Bootleg Therapy: An Advice Column #12
A poly Thanksgiving debacle, and one straight man's letdown
Welcome to Bootleg Therapy: an advice column for wayward hearts. Think of me as your virtual stranger at the bar with a raspy voice and a weird scar on their cheek. The truth is in the worm at the bottom of the mezcal bottle. Submit your questions anonymously on brokebutmoisturized.com for a chance to be featured.
Poly Wants a Cracker
Hi Dia,
Mega-fan of the stack (of the sub variety!).
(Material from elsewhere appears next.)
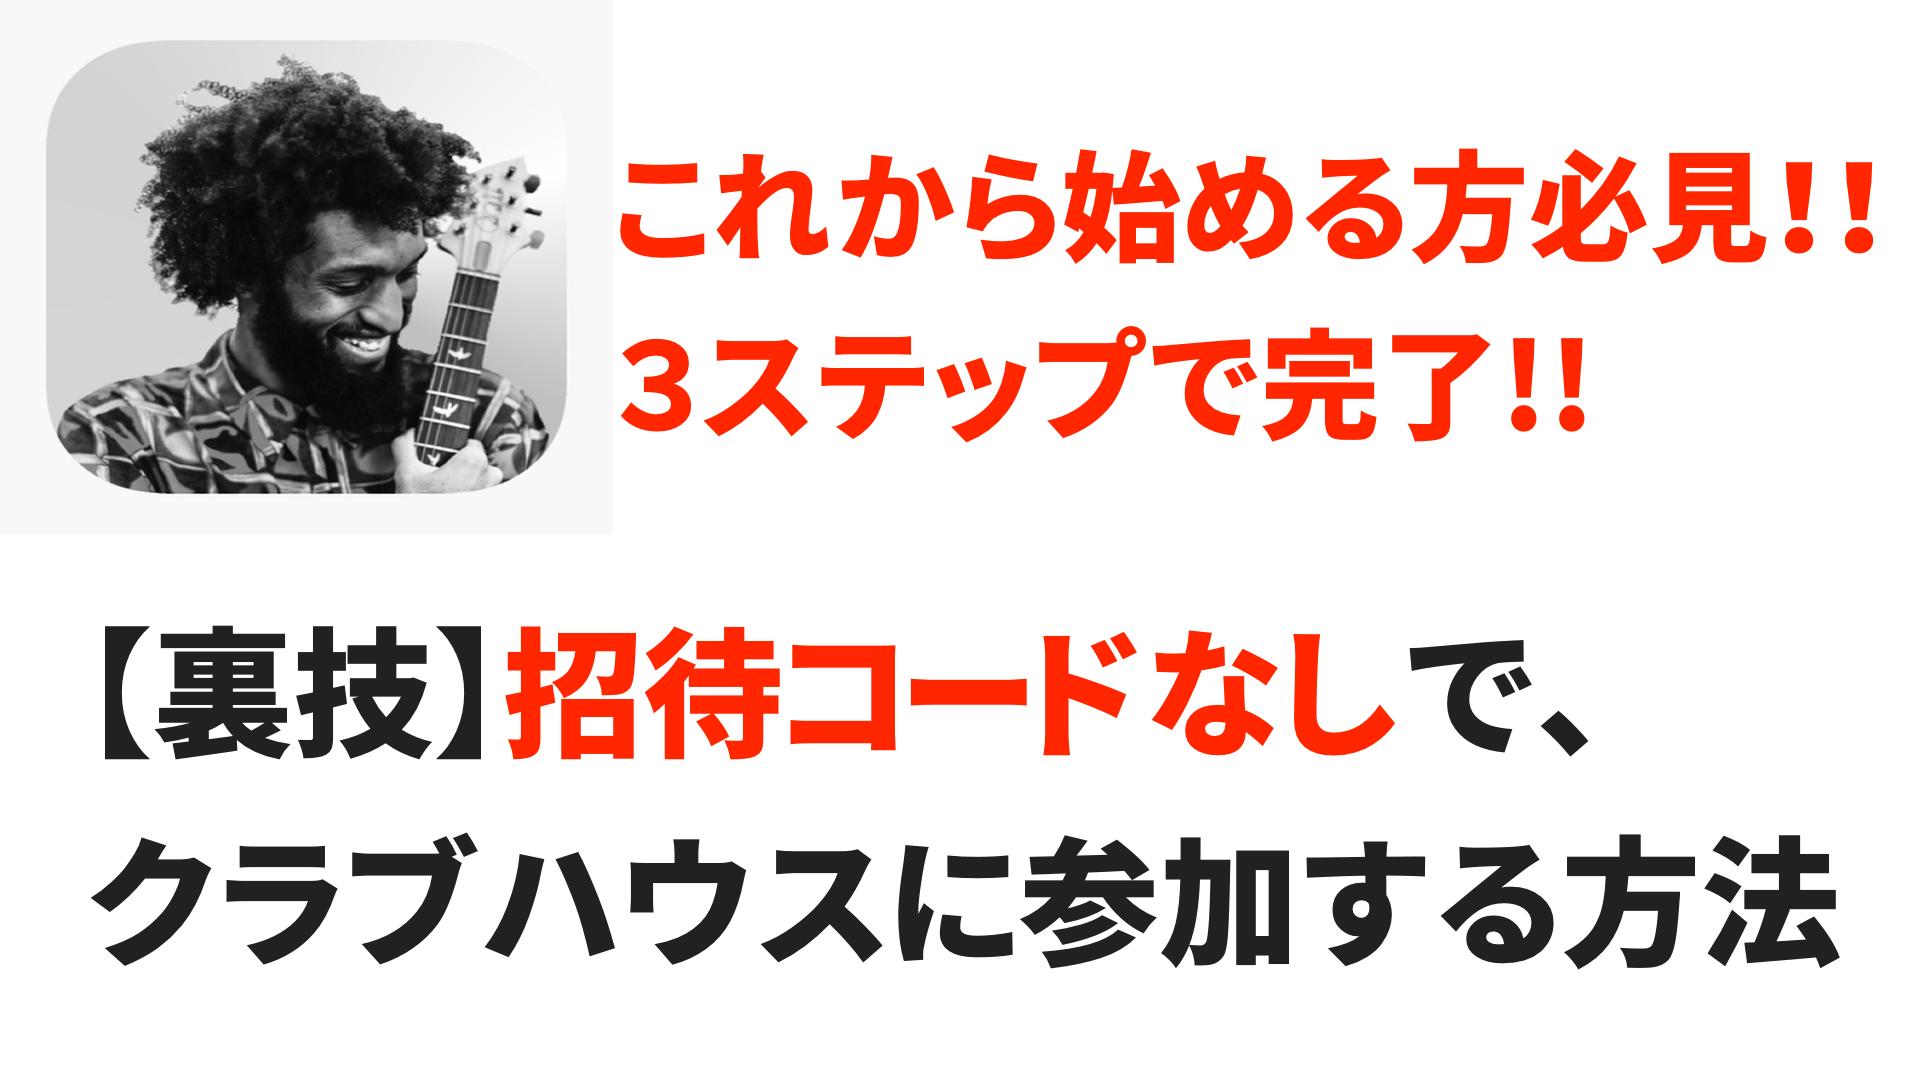 コード clubhouse 招待

I got into this major tiff with my secondary partner’s mother-in-law, as I’ve just arrived at their estate for thanksgiving (primary partner is stuck in Trenton since their ankle bracelet is just NOT coming off!). So ANYWAYS, I show up to Thanksgiving with my famous parker house rolls (secret is the nice Italian Puglia butter!) (infused on the stove with sage, everything but the bagel, and gochujang!) (I’m so sexy with it I should add another boyfriend?). So immediately I can tell something is wrong with this broad, she looks me up and down but you know whatever, I’ve always had an intense sensual vibe that inherently throws some beta women. Then post-coital one night, I sneak downstairs for some snackies, grab a handful of crackers and then scamper back upstairs to eat them in bed. Flash forward to the next morning, the whole family vibe is just tepid. SP’s mom confronts me, “****, did you eat some of my gluten free crackers without my permission?” in this total hag tone. So I said yes I did, so politely. SP standing there staring at the ground, can’t even look at me. Anyways we totally get into it and I leave the house crying, a little while later SP picks me up at the roadside Starbucks I walked to. He wants to smooth things over but I’m just so gagged. Anyways the solution is: I’m on the Amtrak, streaks of Lash Paradise staining my face I literally look like a rorschach, eating my rolls alone on the train. Dia, babe, should I drop him? Demote him to tertiary partner? What do I do??? anywaysss I’ll be at the LMNO bar all weekend drowning my sorrows in prickly hicklies and crab guac! Help me angel, guide me with your beautiful mind.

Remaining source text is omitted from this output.